%%

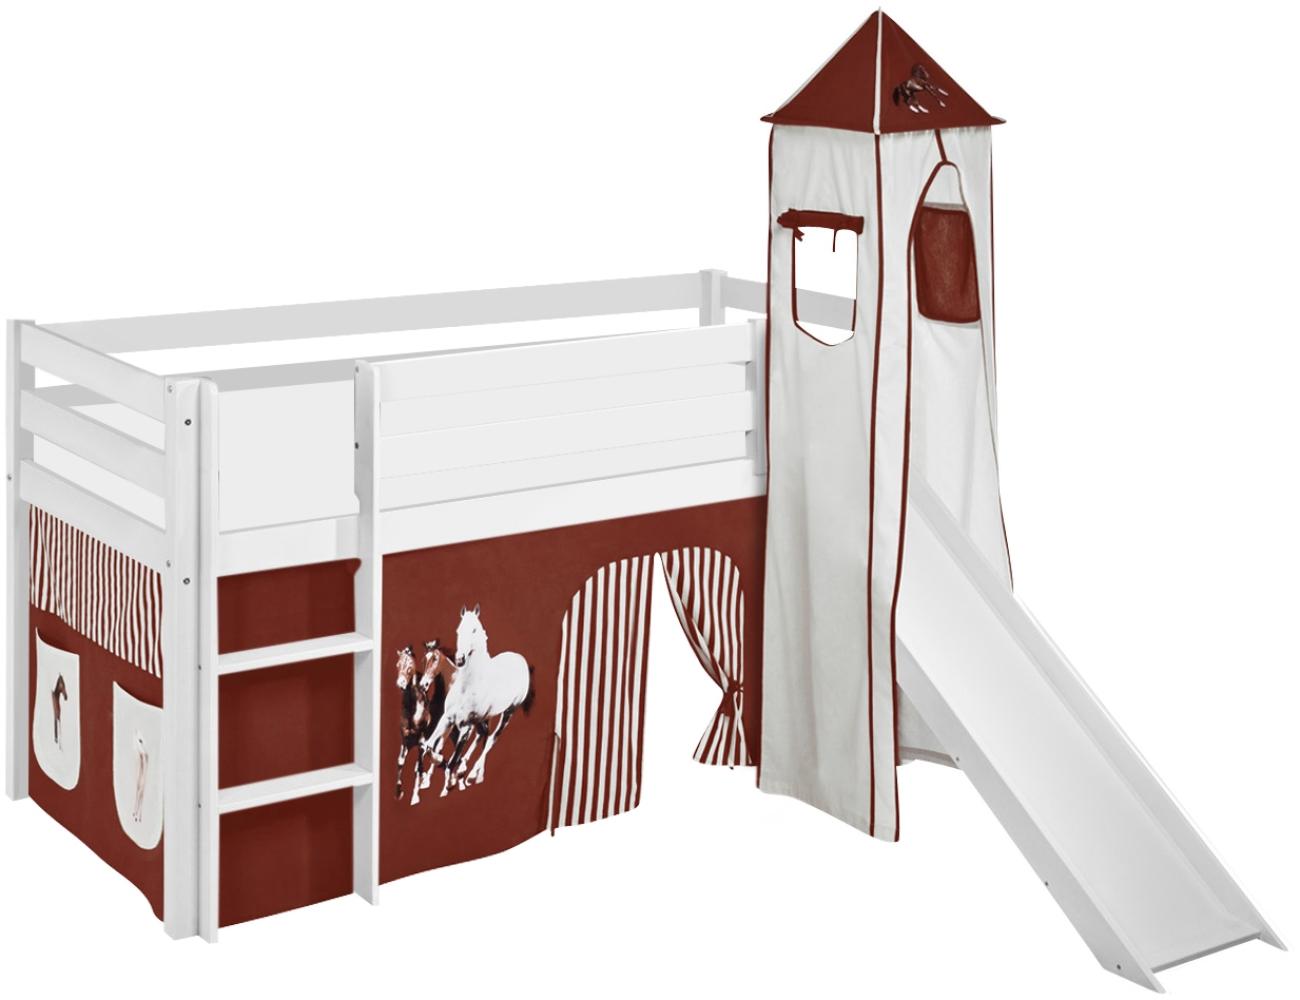 Lilokids 'Jelle' Spielbett 90 x 190 cm, Pferde Braun Beige, Kiefer massiv, mit Turm, Rutsche und Vorhang Bild 1
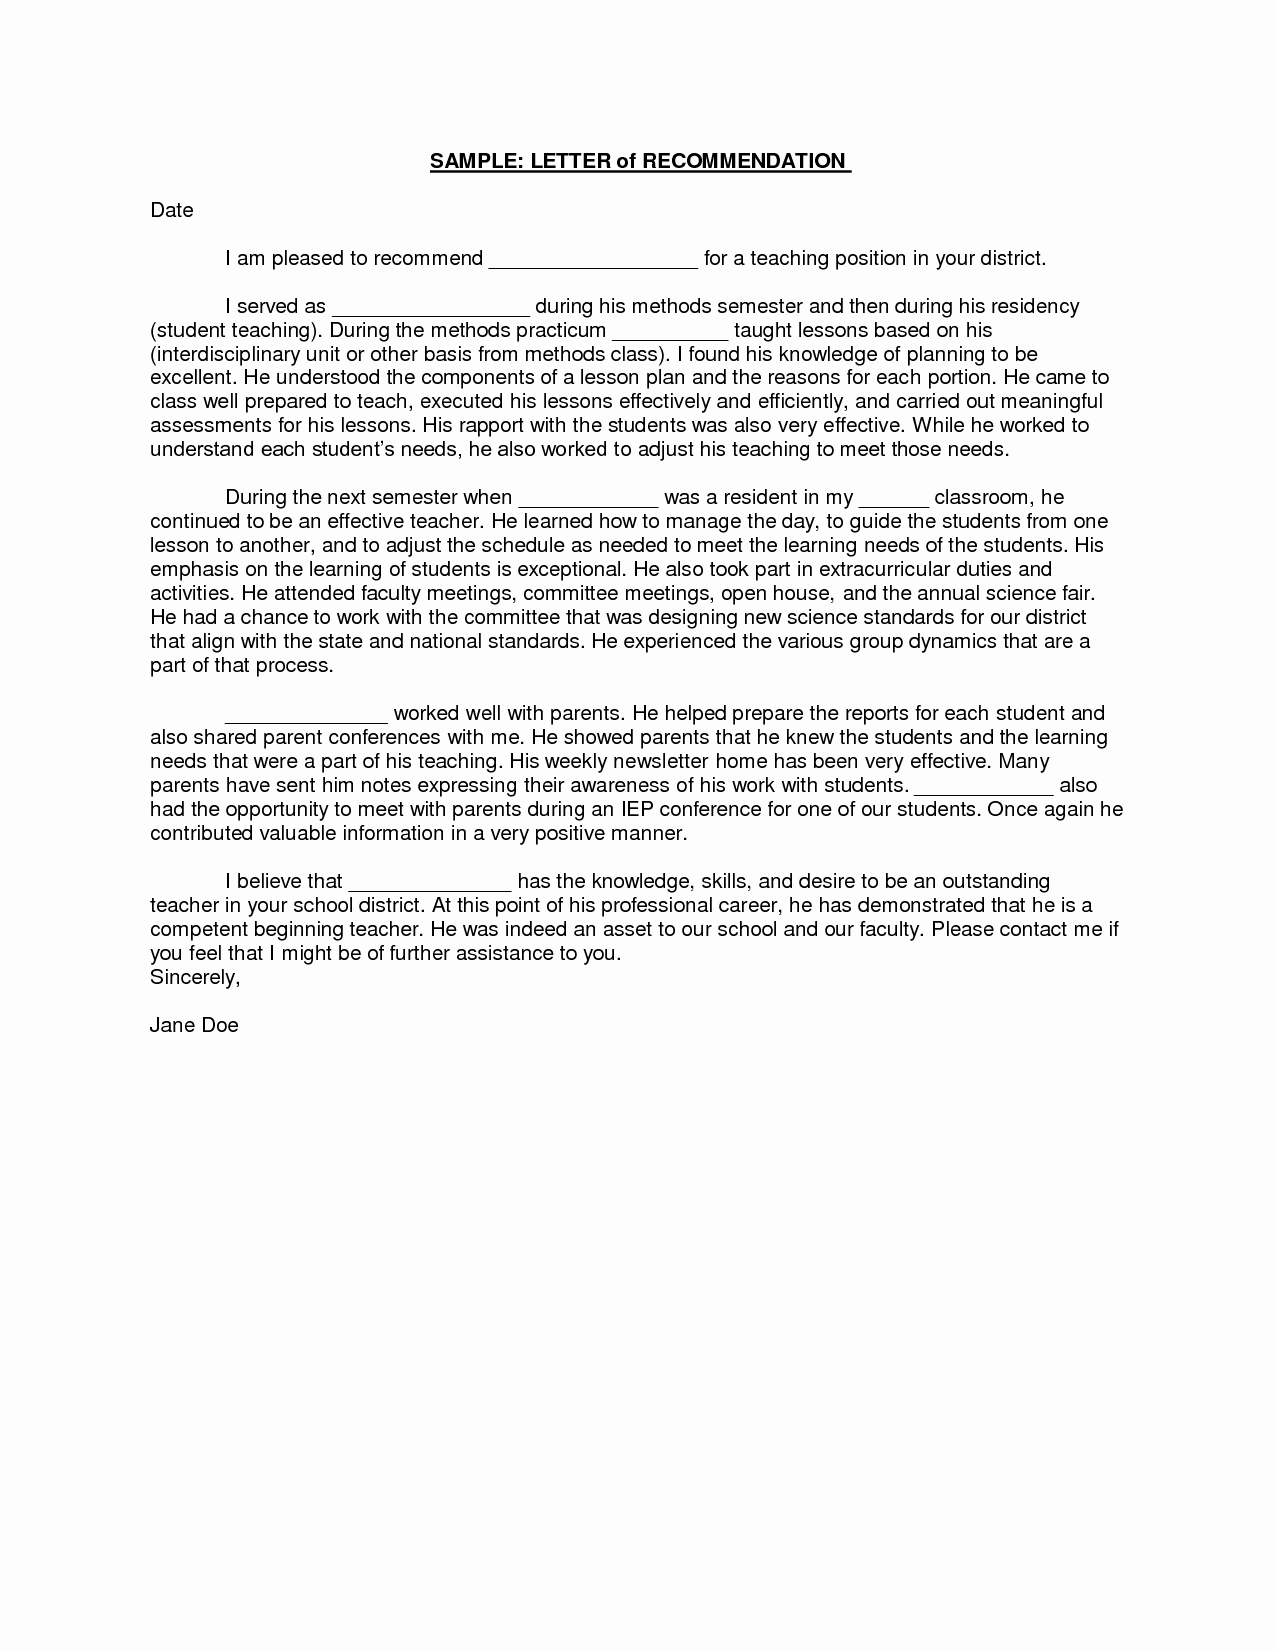 Recommendation Letter for Teacher Fresh Sample Student Teacher Re Mendation Letters V9nqmvof
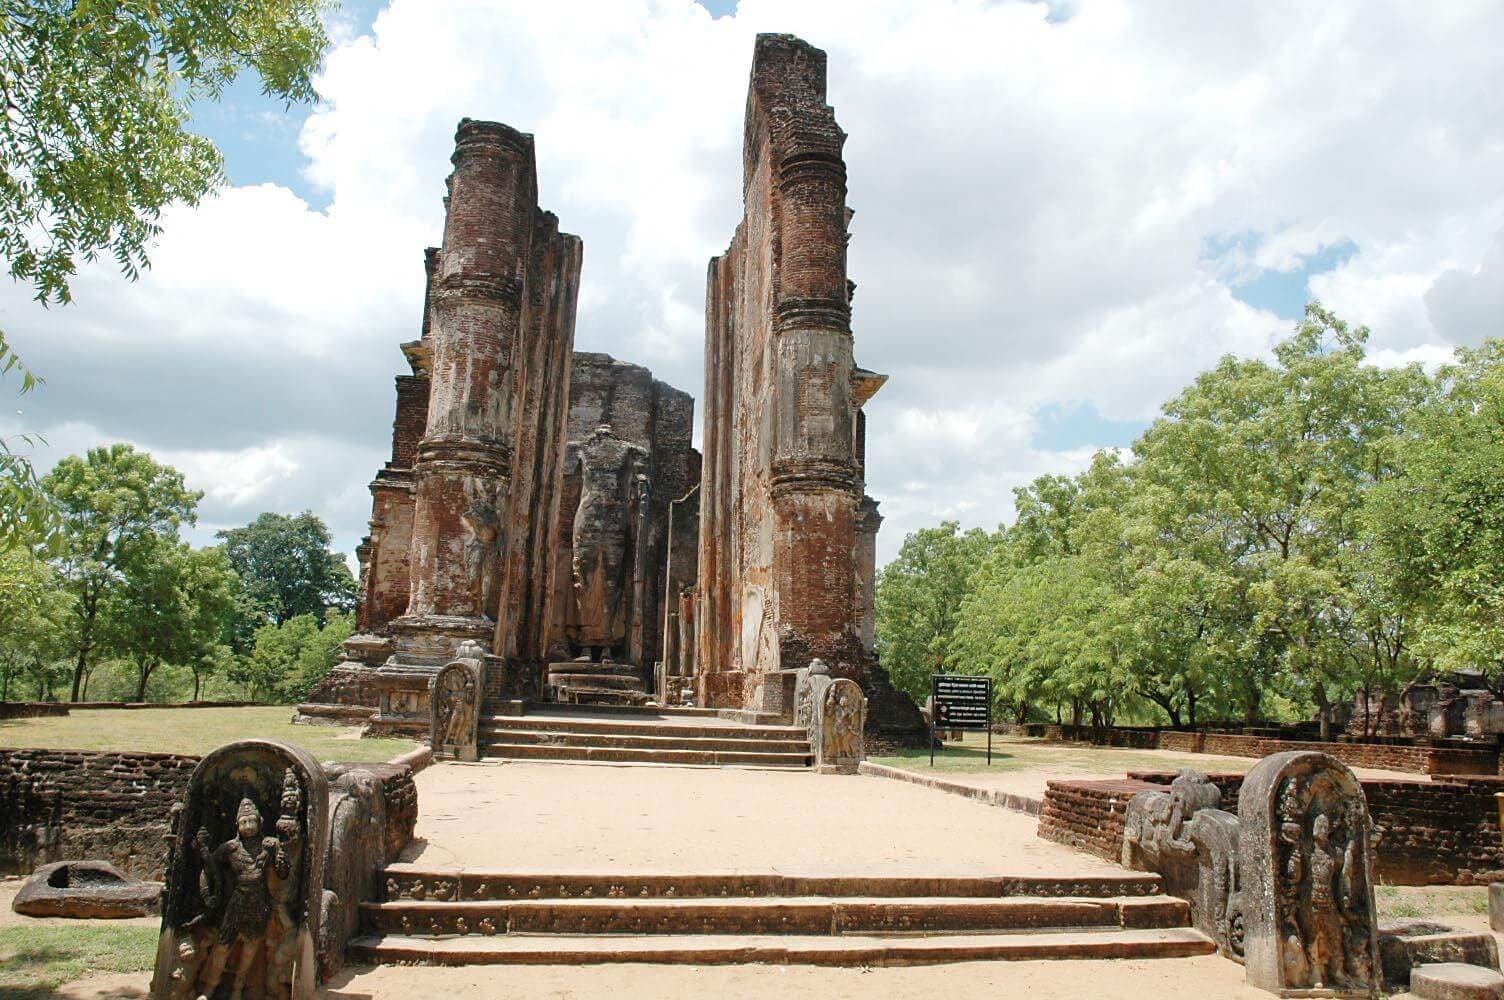 Ein Foto von Thiwanka Image House 'Thiwanka Pilima Geya' im alten Königreich Polonnaruwa Sri Lanka
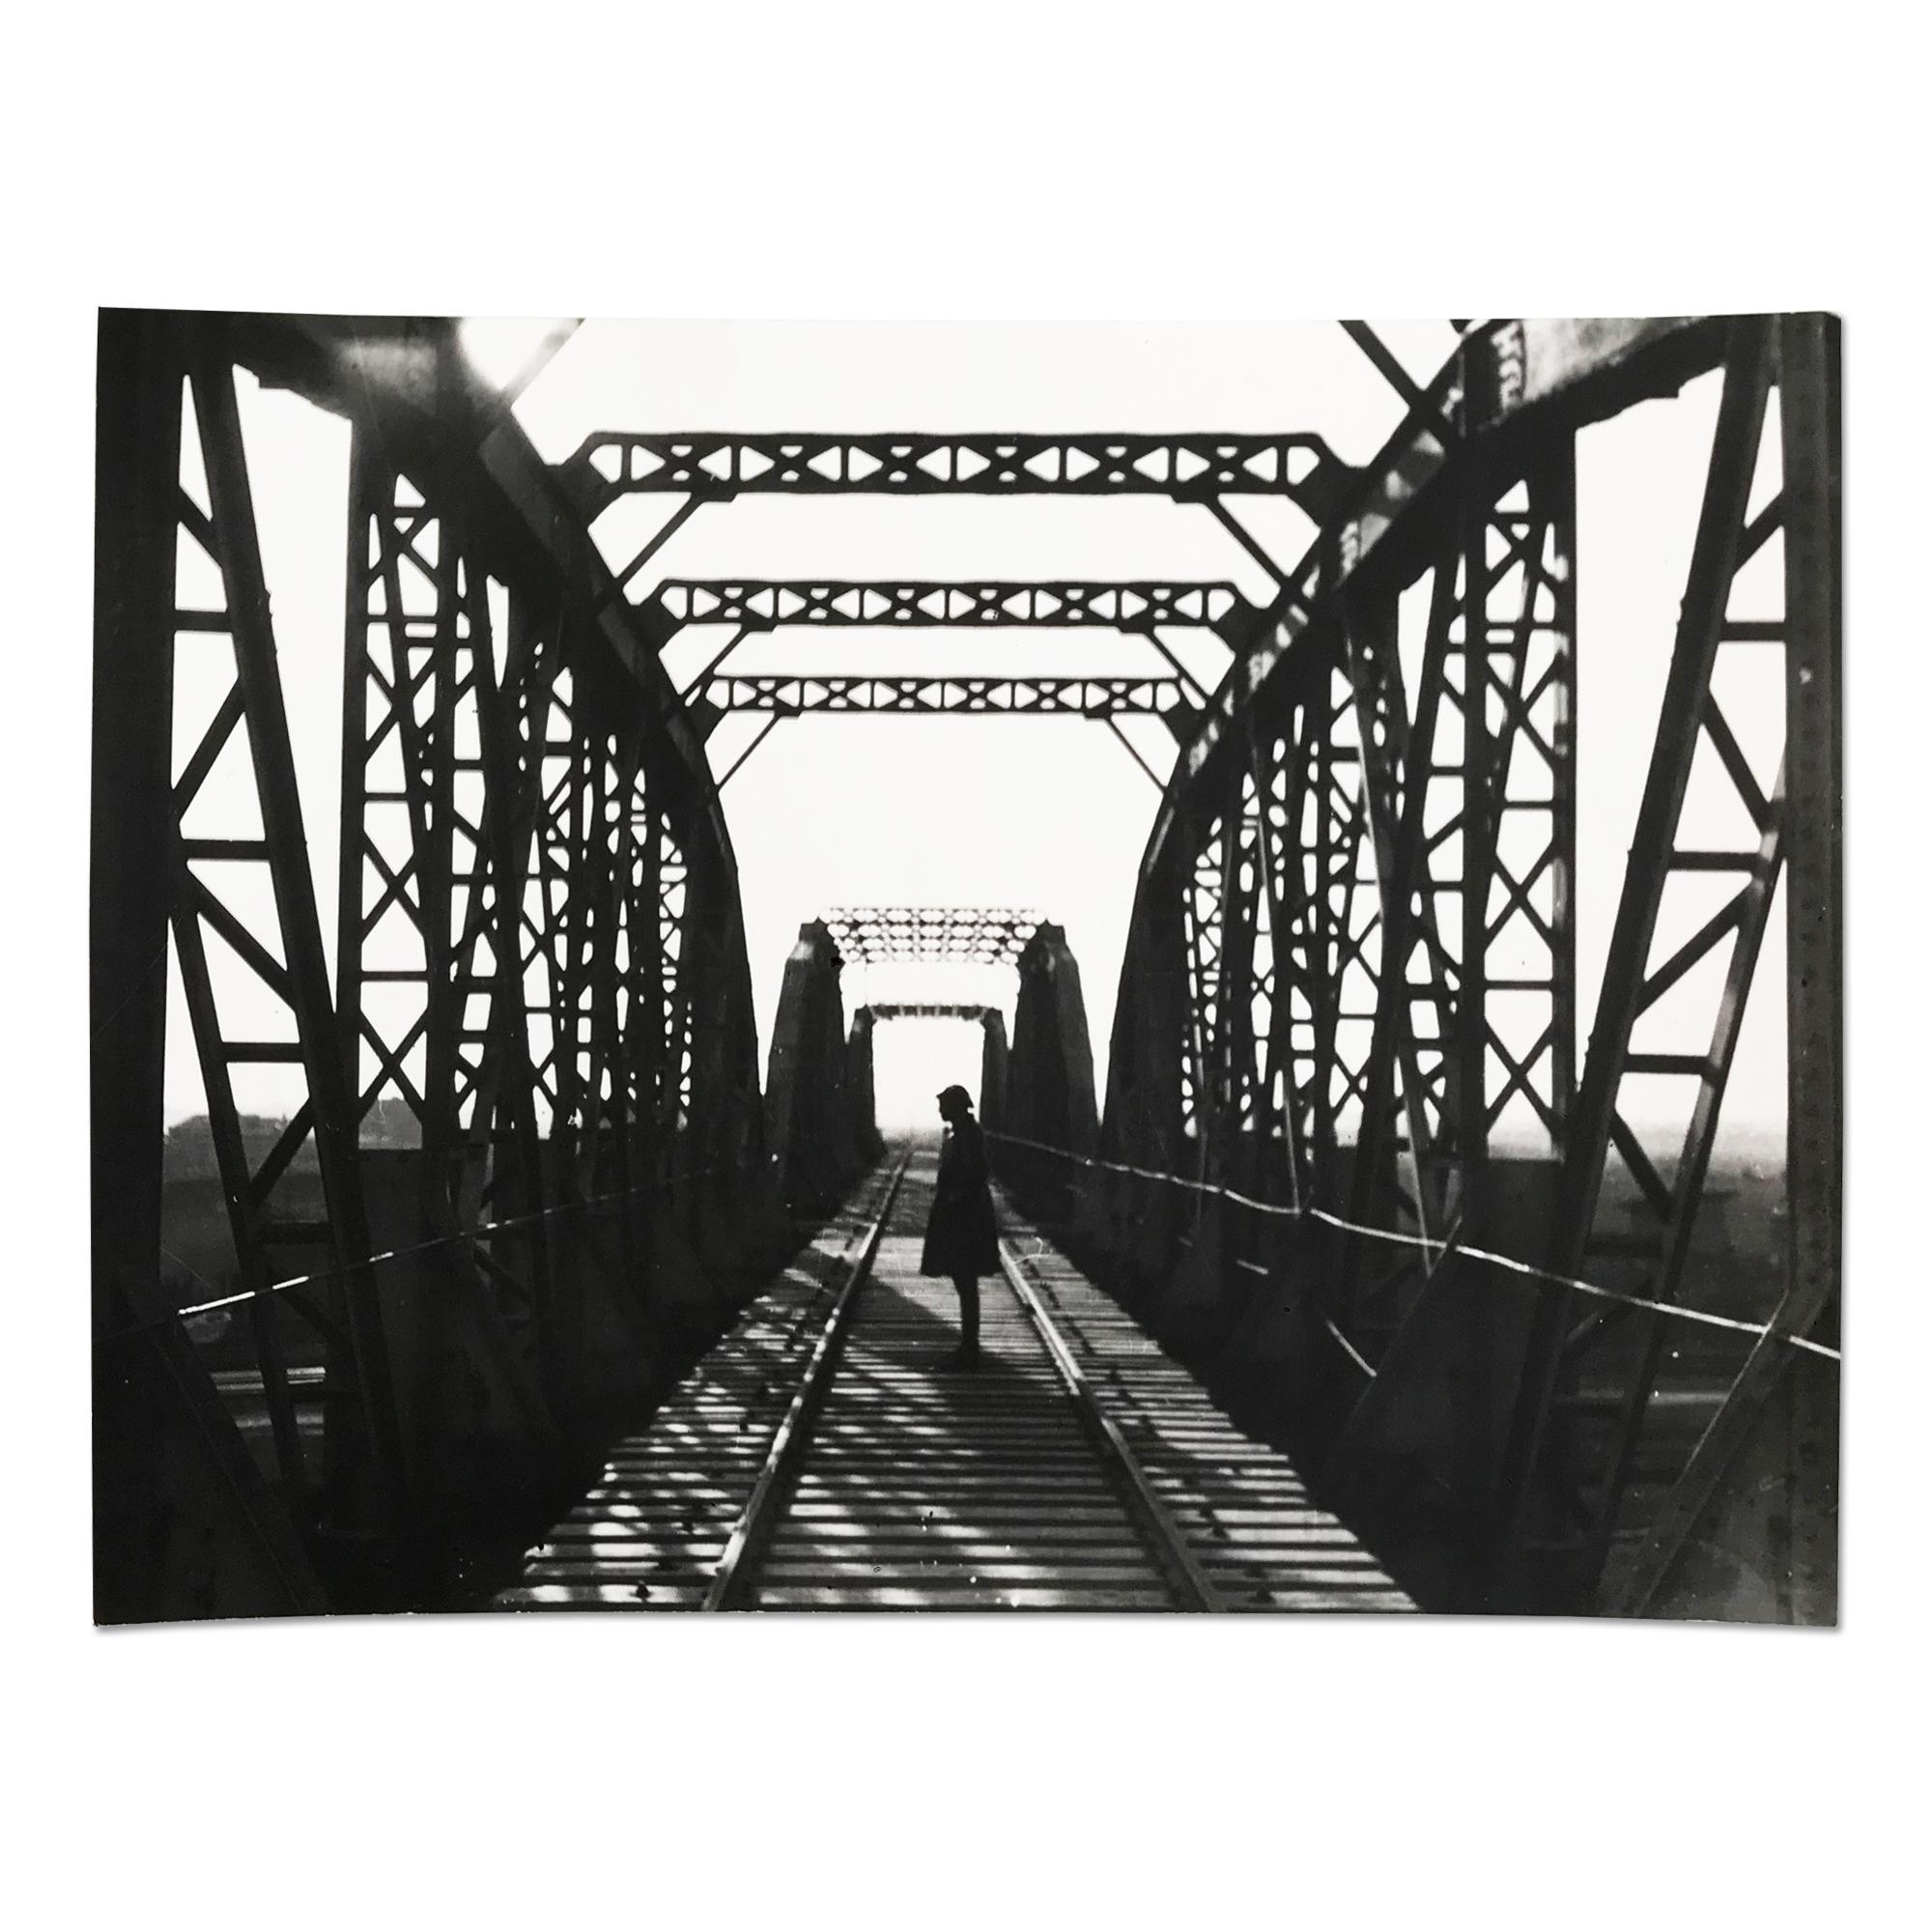 Alexander Rodchenko Landscape Photograph - Railway Bridge, Silver Gelatin Print, Constructivism, Modern Art, 20th Century

%%

Your objective ->
Leaving the pictures out, print every line of the listing exactly.

Your response ->
 Lilokids 'Jelle' Spielbett 90 x 190 cm, Pferde Braun Beige, Kiefer massiv, mit Turm, Rutsche und Vorhang Bild 1
 Recommendation Letter for Teacher Fresh Sample Student Teacher Re Mendation Letters V9nqmvof
 Ein Foto von Thiwanka Image House 'Thiwanka Pilima Geya' im alten Königreich Polonnaruwa Sri Lanka
 Alexander Rodchenko Landscape Photograph - Railway Bridge, Silver Gelatin Print, Constructivism, Modern Art, 20th Century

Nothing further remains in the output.